== REQUIREMENT ==
Exactly the lines below starting at the line with "Louis Vuitton LV" and ending at the line with "Hataraku Saibou - Chapter 19 - Page 2" are wanted, with both ends included. Leave out the pictures and add no other lines.

== SUPPLIED MATERIAL ==
○ ○ ○ ○ ○ ○ ○
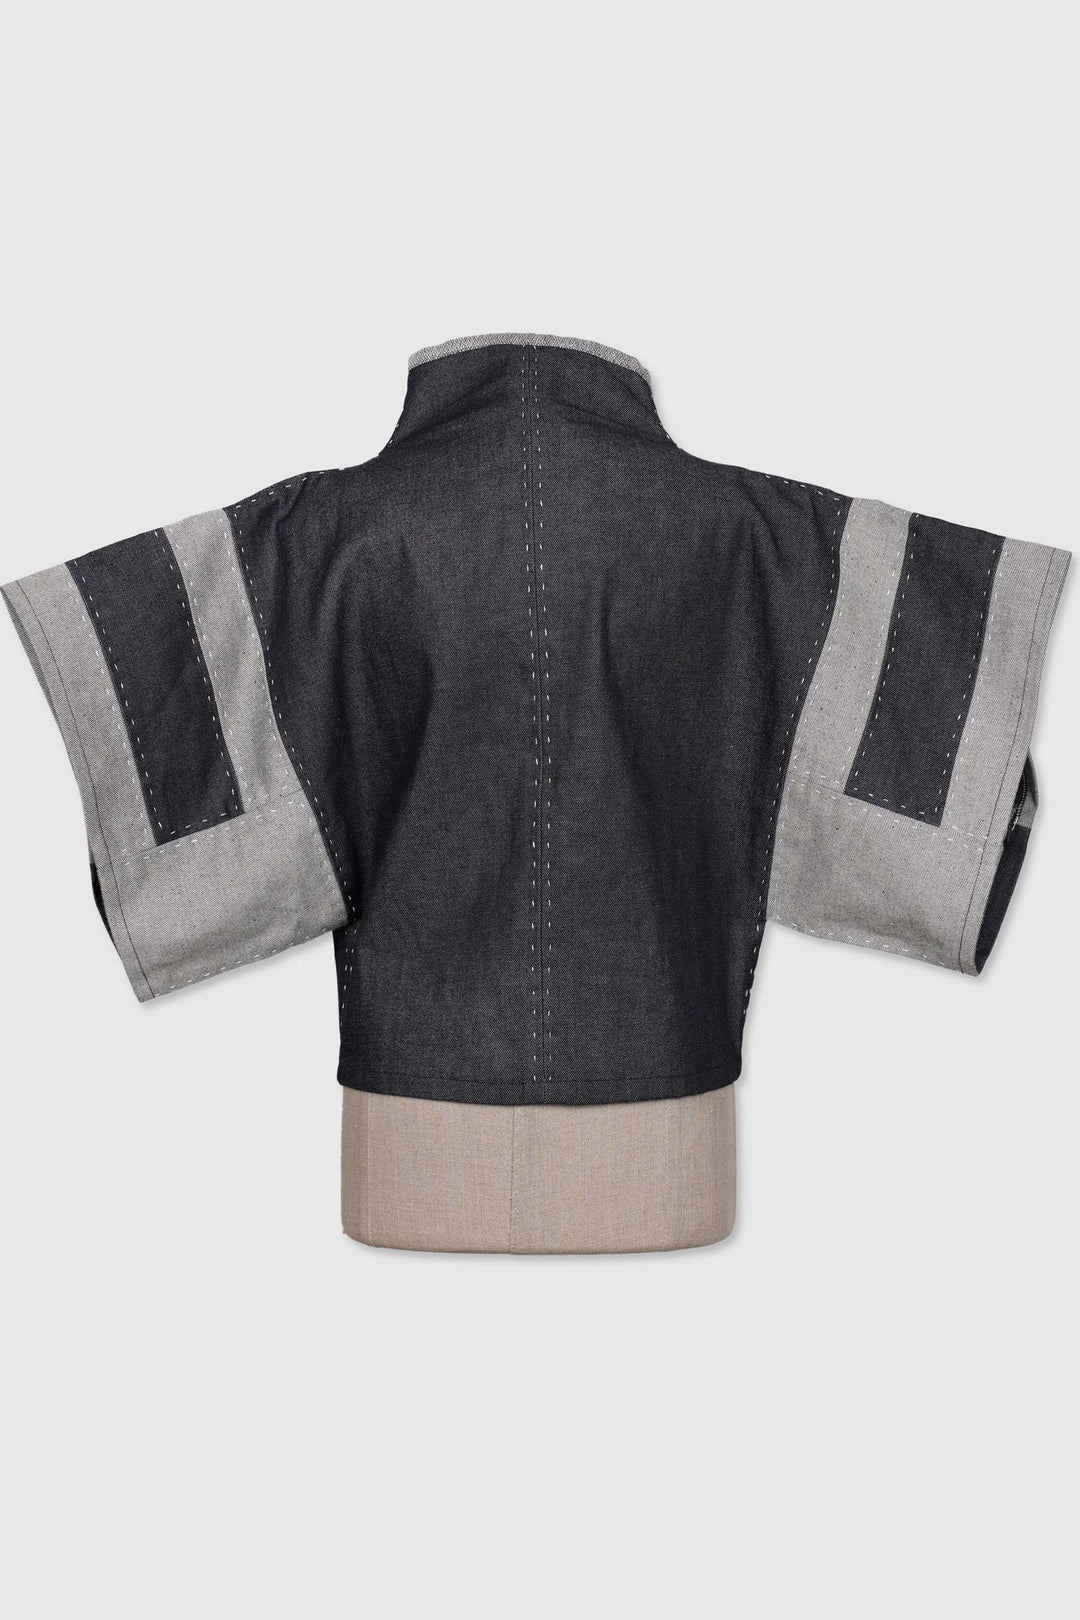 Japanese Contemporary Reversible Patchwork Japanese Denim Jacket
○ ○ ○ ○ ○ ○ ○
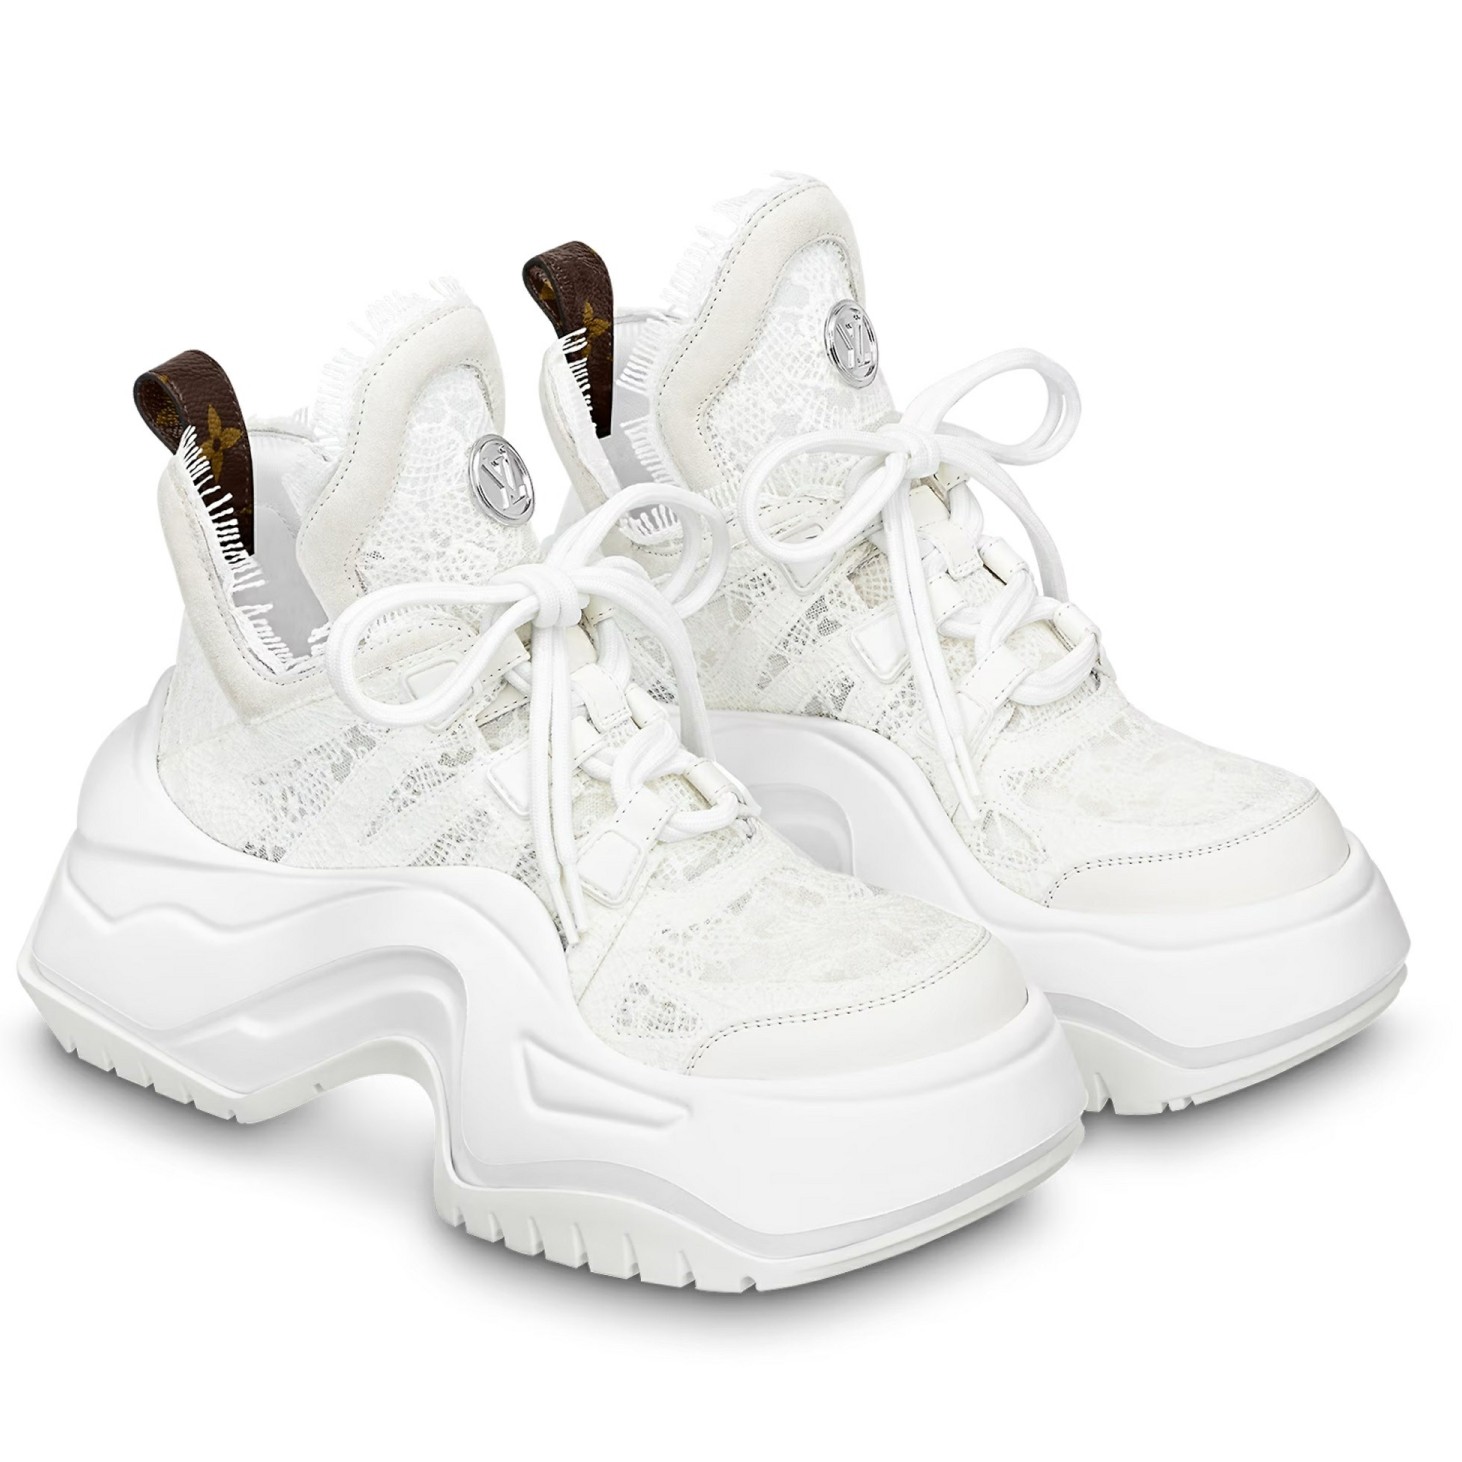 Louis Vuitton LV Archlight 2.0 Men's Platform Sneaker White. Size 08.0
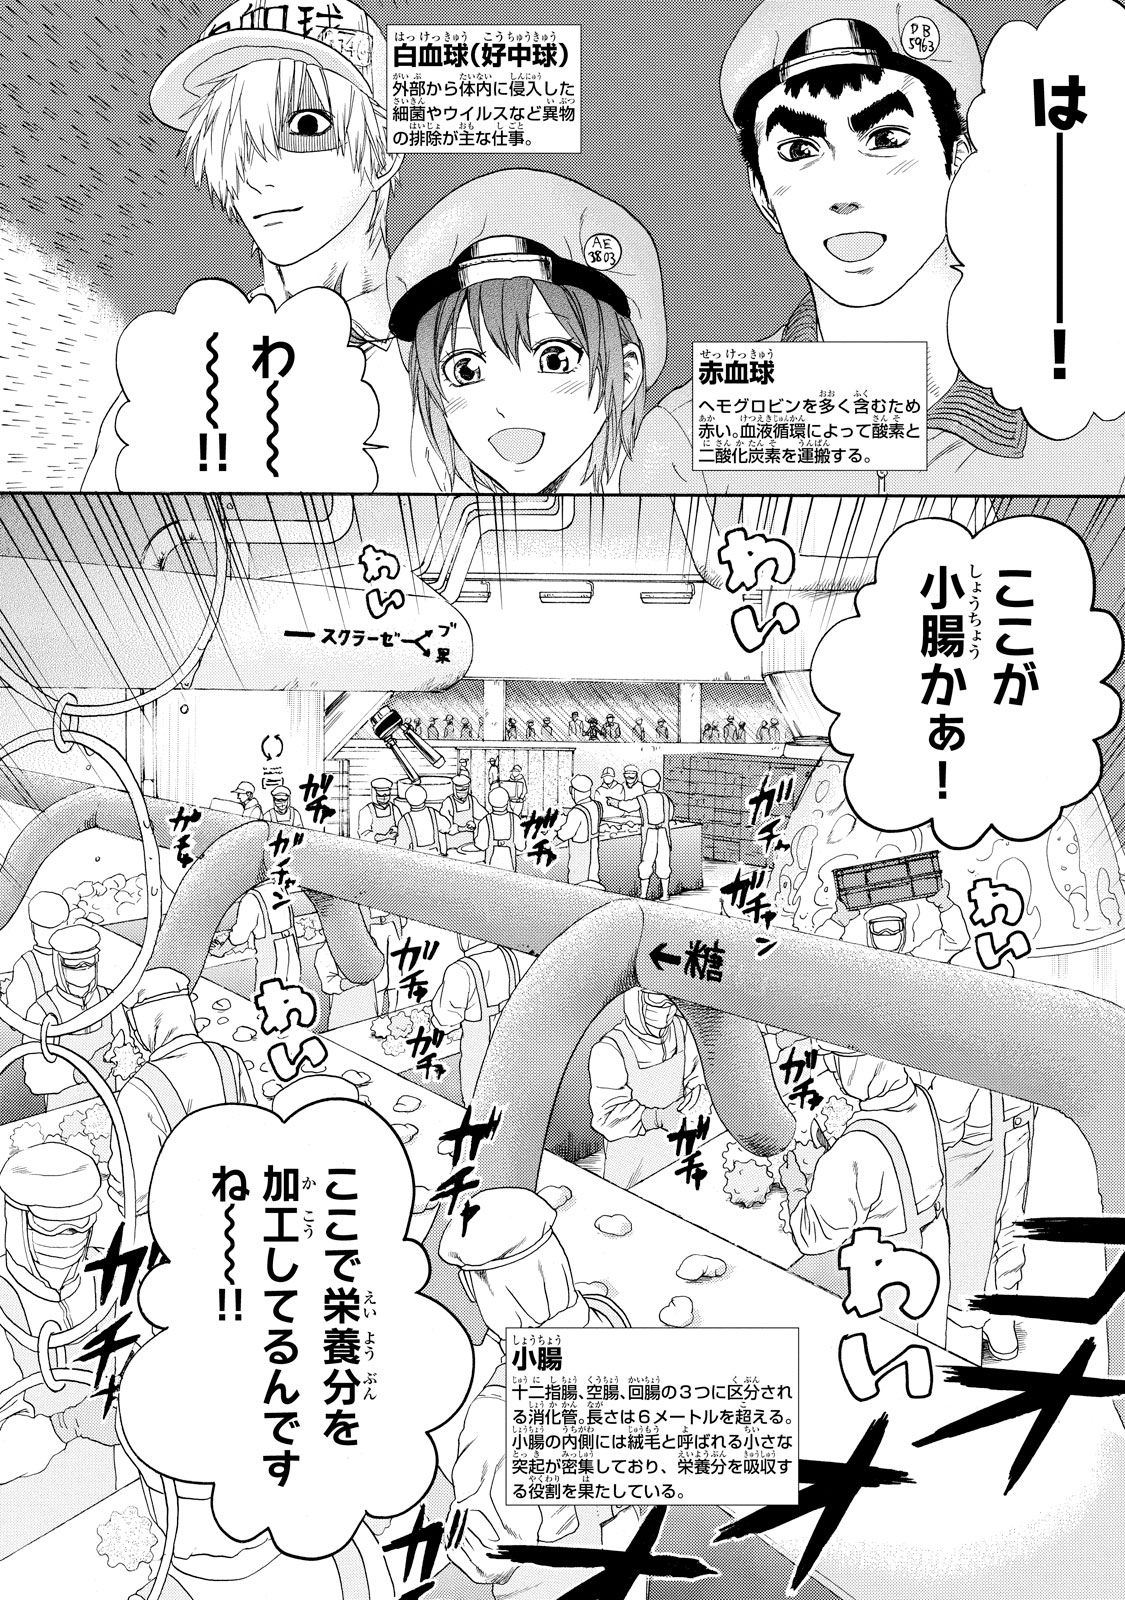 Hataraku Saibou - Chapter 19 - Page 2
○ ○ ○ ○ ○ ○ ○
== TASK SOLUTION ==
 Louis Vuitton LV Archlight 2.0 Men's Platform Sneaker White. Size 08.0
 Hataraku Saibou - Chapter 19 - Page 2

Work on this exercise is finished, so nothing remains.